If you lived in Gloucestershire between 1990 and 1992 you might remember a weekly newspaper called The Gloucester Journal. In The Gloucester Journal was a feature called Railspot, which I wrote. Each week, Railspot would include a picture, 500 words describing it, and often some pub quiz type questions about railways.

People have often asked me what happened to Railspot, and the good news is that it is - slowly - coming back. Even better news is that as I am no longer restrained by the limitations of a newspaper on the Internet, I can revisit some favourite topics, update them and add new pictures and web links. I can even do my own proof reading!

Here is a retake of an article on a railway which now has its own comprehensive website:



  The Swindon & Cricklade Railway, one of Britain's least well known preserved lines, stands on the route of the Midland & South Western Junction Railway, one of Britain's least well known cross country companies.

The idea of trains linking the industrial Midlands with the South Coast dates back to the 1840s, and in 1881 the Swindon, Marlborough and Andover Railway was completed. Its associations with the London & South Western Railway at its southern end, however, made the Great Western Railway hostile to the little company.

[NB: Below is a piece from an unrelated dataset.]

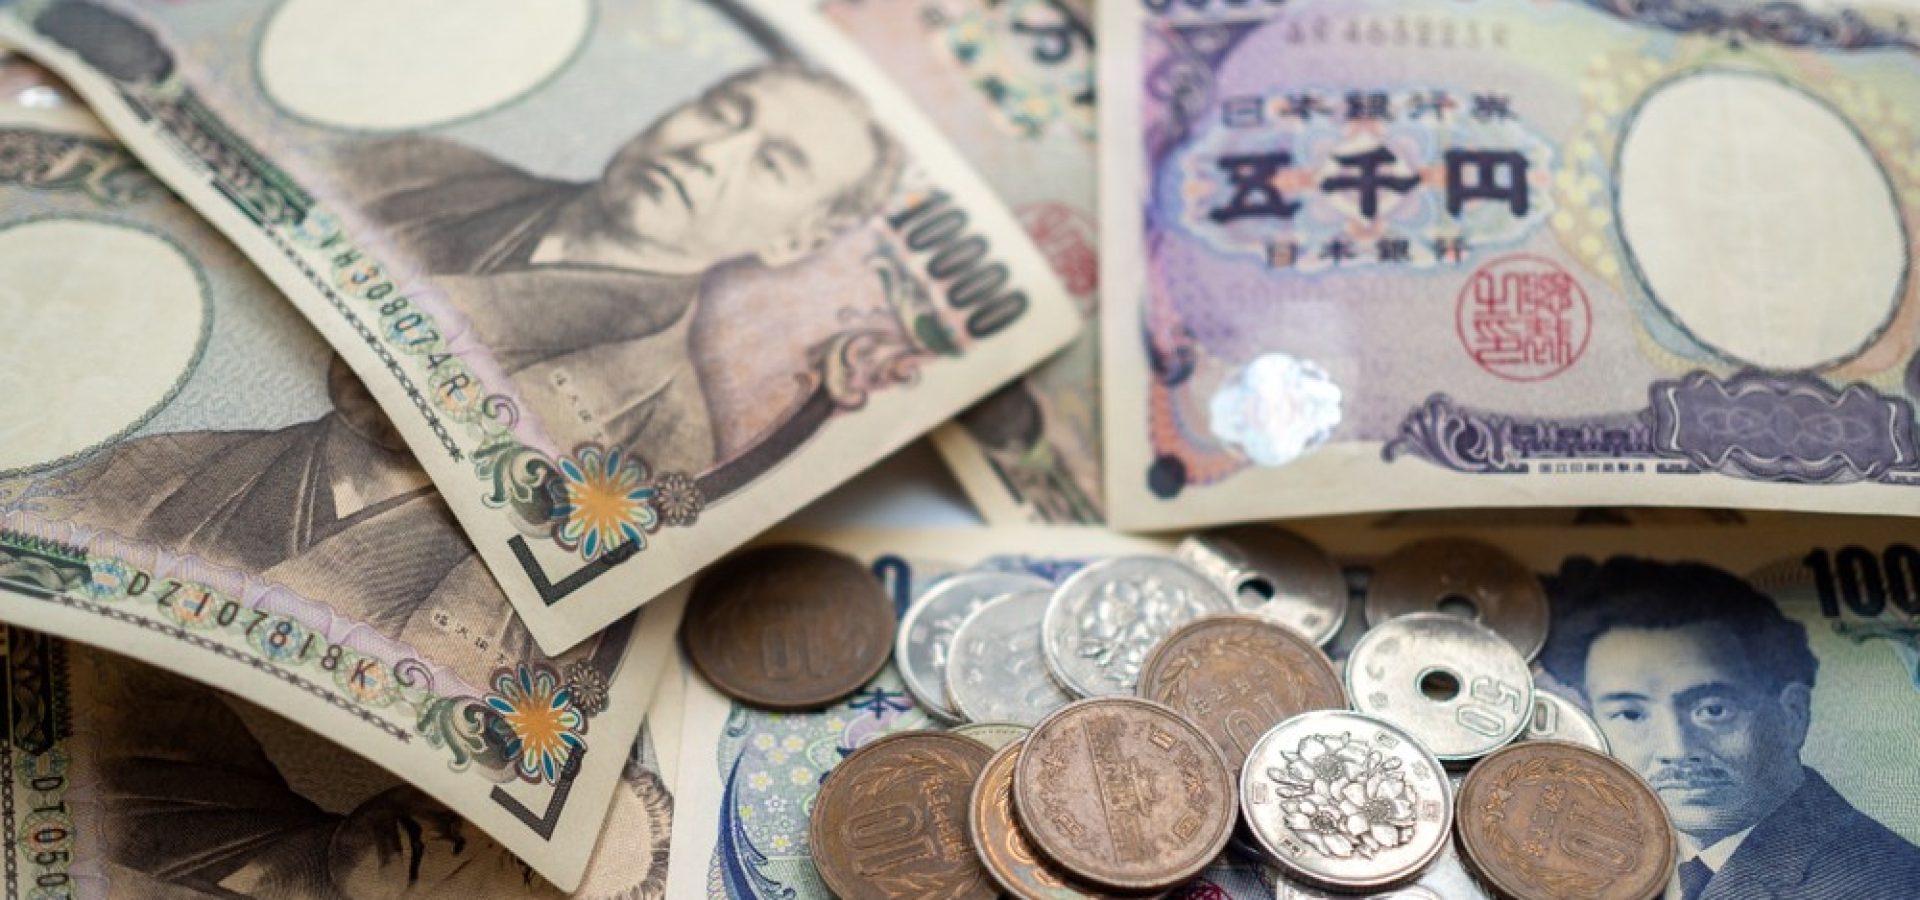 Wibest – Yen exchange rate: Japanese yen bills and coins.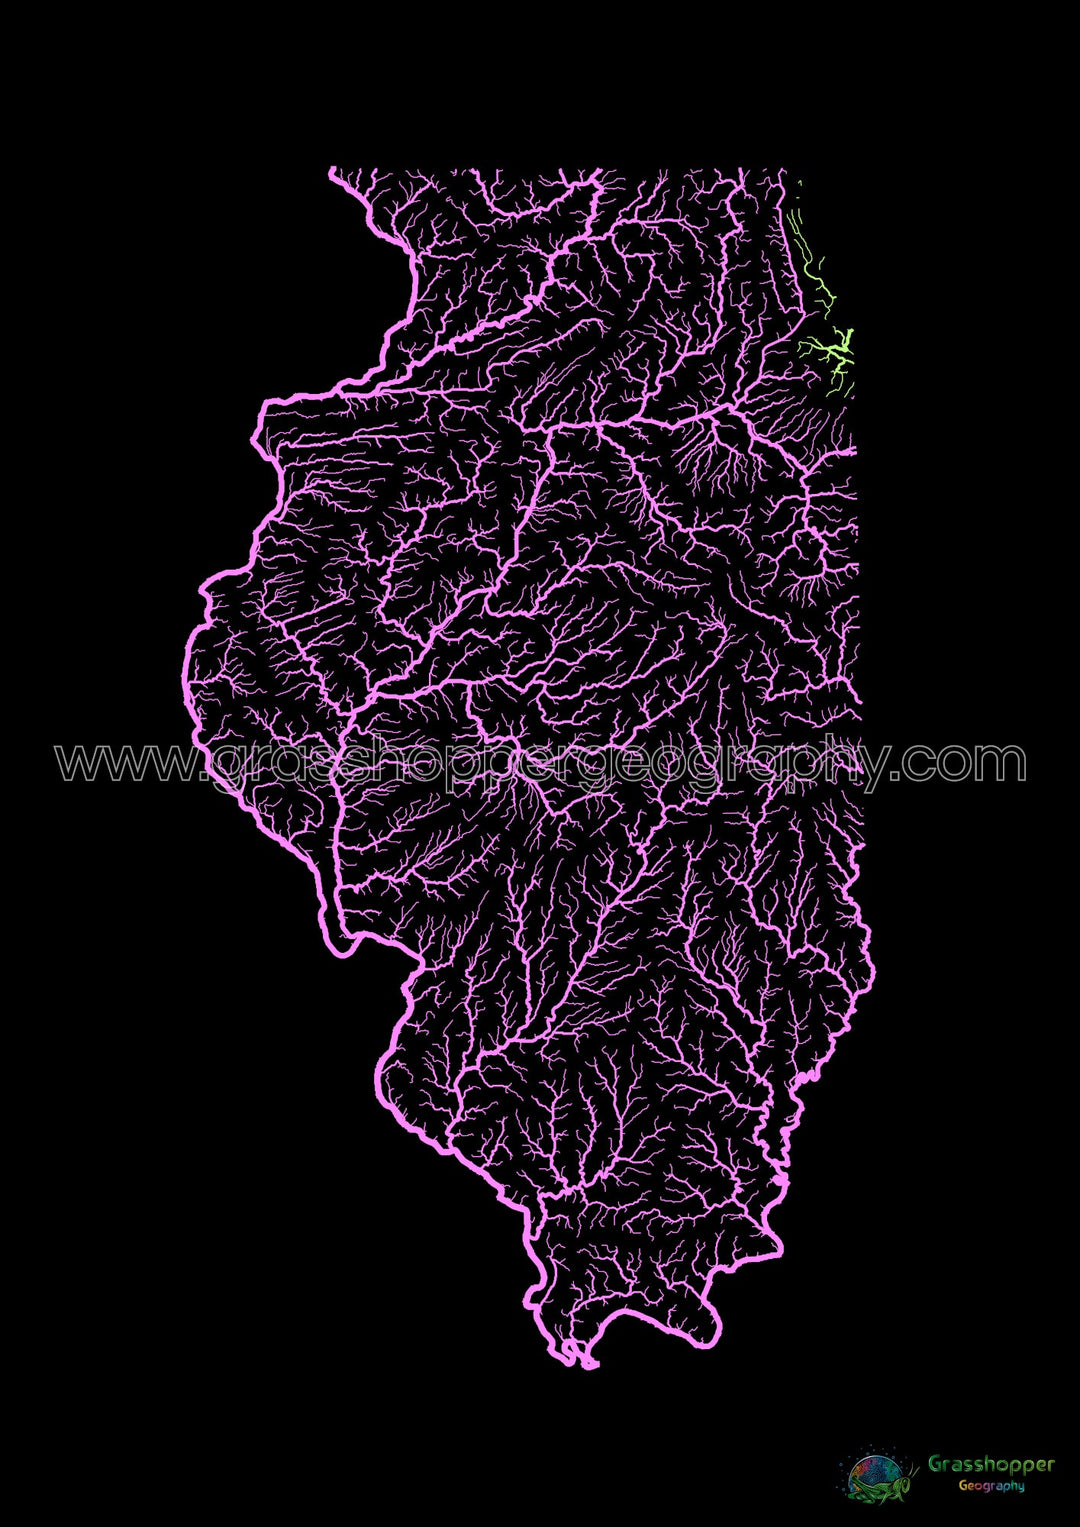 Illinois - Carte du bassin fluvial, pastel sur noir - Fine Art Print

To avoid the GWR routes around Swindon, the Swindon and Cheltenham Extension Railway was initiated in 1882 to link the S.M. & A.R. with the Midland Railway at Cheltenham via Cricklade, Blunsdon, Cirencester, Chedworth and Andoversford.

The S.M. & A.R. merged with the S. & C. E.R. in 1884 to become the Midland & South Western Junction Railway. Narrowly escaping financial ruin from high building costs, the M. & S.W.J.R. ran its first train from Cheltenham to Andover on 1 August 1891. From 1892 to 1899 the new line was managed by Sam Fay of the London & South Western Railway, one of the leading railway personalities of his time. He turned the M. & S.W.J.R. into a highly efficient railway and gained it running powers over the L. & S.W.R. south of Andover. As early as 1894 holiday specials were steaming direct from Cheltenham to Bournemouth.

The 1914-1918 war damaged the trade of the M. & S.W.J.R. and when it fell to the Great Western at Grouping in 1923 many staff left rather than serve under the "old enemy". despite playing a key role in the preparations for D-day in 1944 the line continued to be run down. Passenger services on what was affectionately known as the "Tiddley Dike" were withdrawn in 1961.

Today the Swindon & Cricklade Railway leases the Cricklade-Morden section of the line and is headquartered at Tadpole Lane, Blunsdon.